AI and Machine LearningLaajuus (5 cr)
Code: 5G00GC11
Credits
5 op
Objectives
The student understands basic concepts of AI and Machine Learning. The student can create and use Machine Learning Algorithms in Python. The student learns how to make analysis and predictions and knows which Machine Learning model to choose for each type of a problem.
Content
- Basic concepts of AI and Machine Learning
- Unsupervised and Supervised learning
- Regression, Classification
- Naïve Bayes, Decision Trees and Neural Network Algorithms
- Training and validation of models
- Options for taking models into production
Assessment criteria, satisfactory (1-2)
The student knows about the basic concepts of AI and Machine Learning. The student can apply at least some unsupervised or supervised learning applications. The student can use a regression or a classification algorithm with support. The student can create an application using either Naïve Bayes, Decision Trees or Neural Network Algorithms. The student can setup training and validation processes for the trained models. The student can setup production testing for the trained models.
Assessment criteria, good (3-4)
The student knows and understands the basic concepts of AI and Machine Learning. The student can apply both unsupervised and supervised learning for applications. The student can create applications with some regression and classification algorithms. The student can create working applications using Naïve Bayes, Decision Trees or Neural Network Algorithms. The student can setup and apply training and use validation methods for the trained models. The student can follow the common procedures of production testing for the trained models.

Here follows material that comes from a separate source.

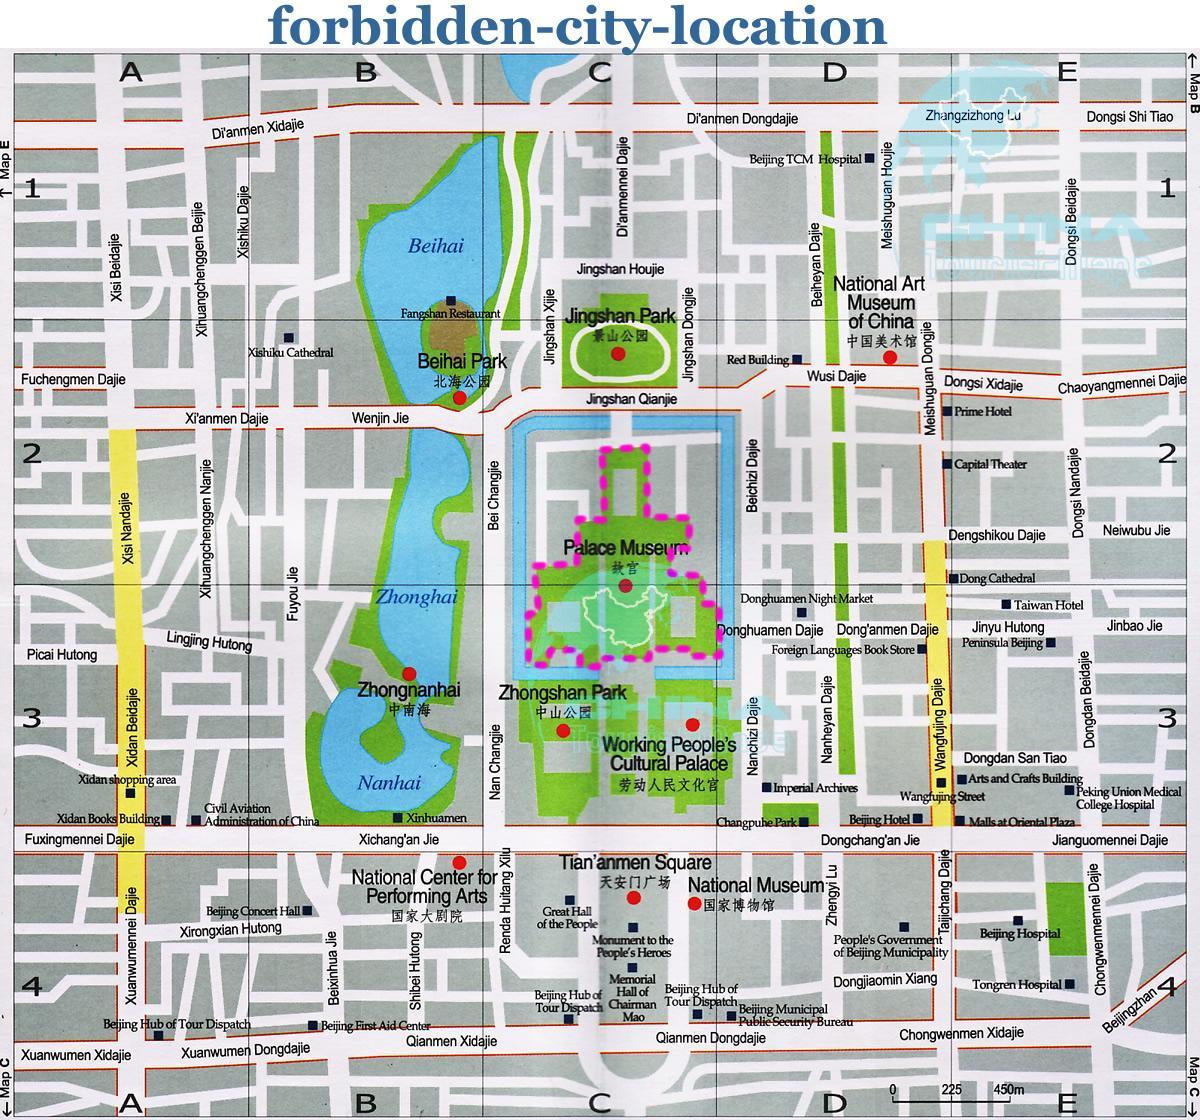 mapa de la ciudad prohibida mapa detallado
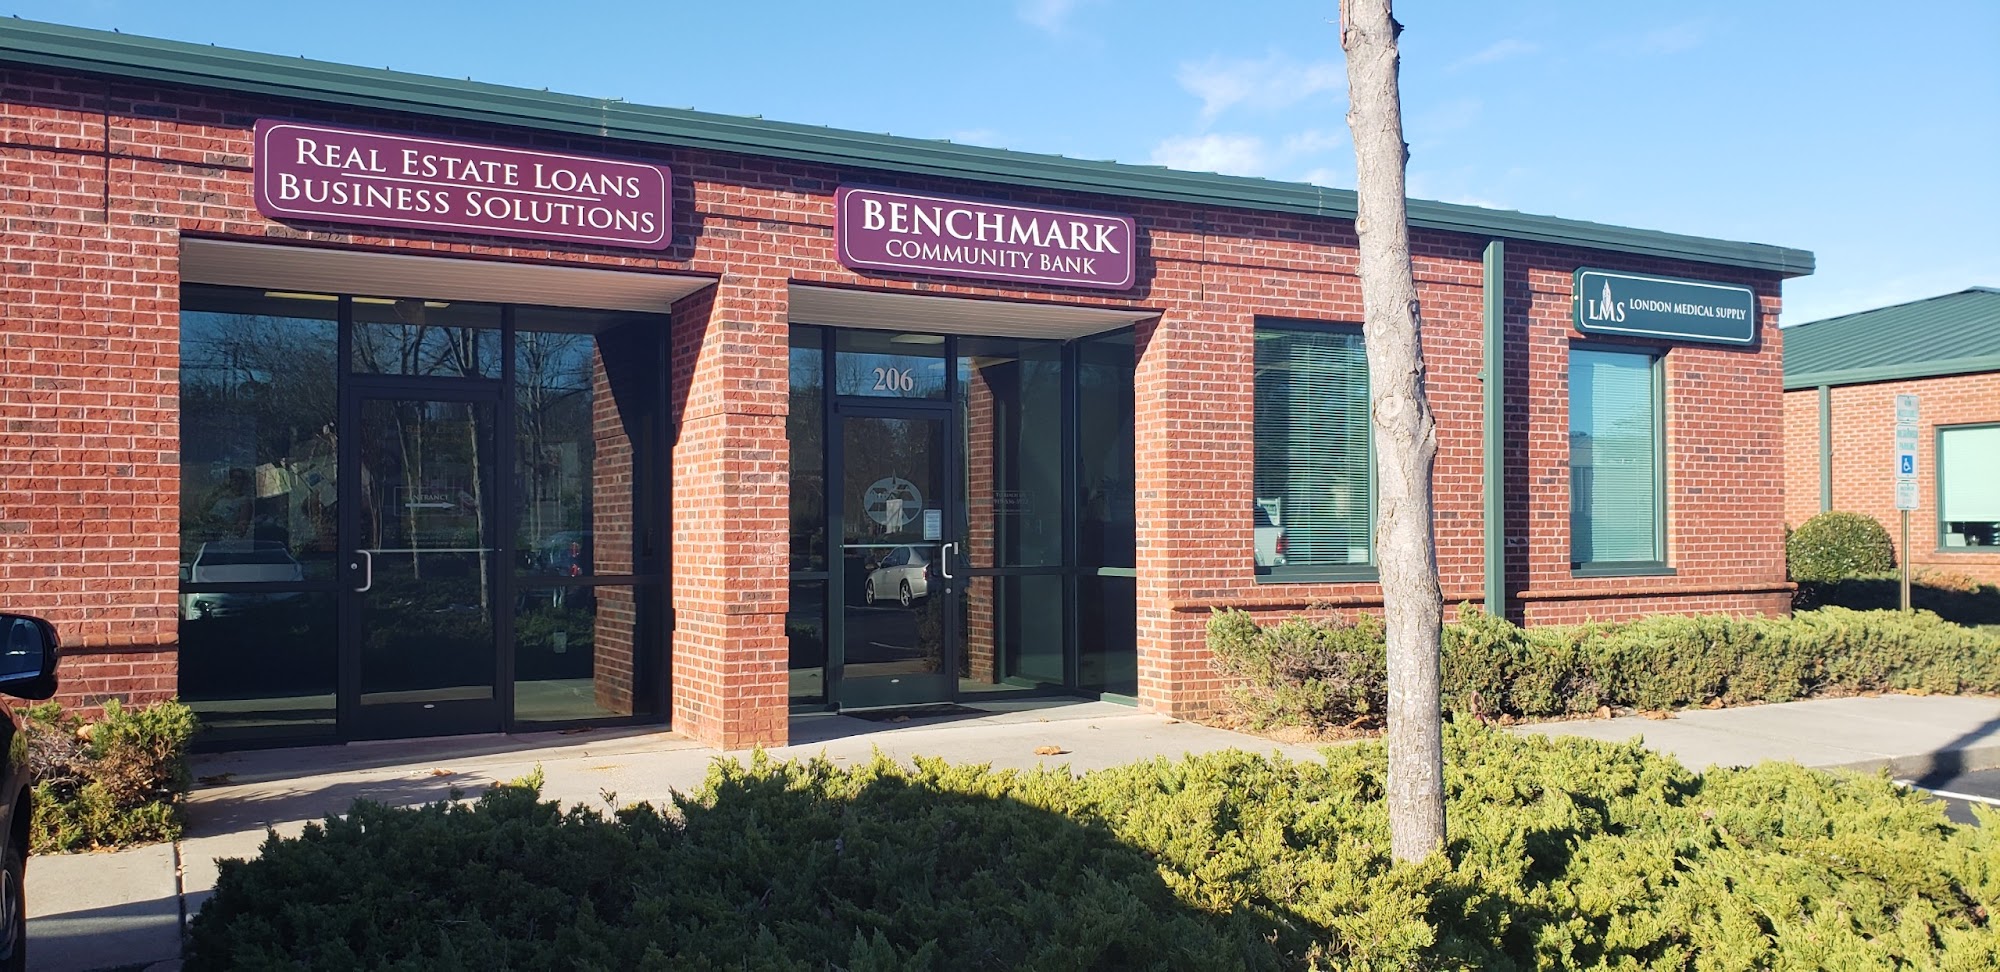 Benchmark Community Bank

Assessment criteria, excellent (5)
The student knows and understands in depth the basic concepts of AI and Machine Learning. The student can apply both unsupervised and supervised learning for various applications. The student can use regression and classification algorithms where appropriate. The student can create versatile applications using Naïve Bayes, Decision Trees and Neural Network Algorithms. The student can implement various training and validation solutions for the trained models. Student can execute reliable production testing for the trained models.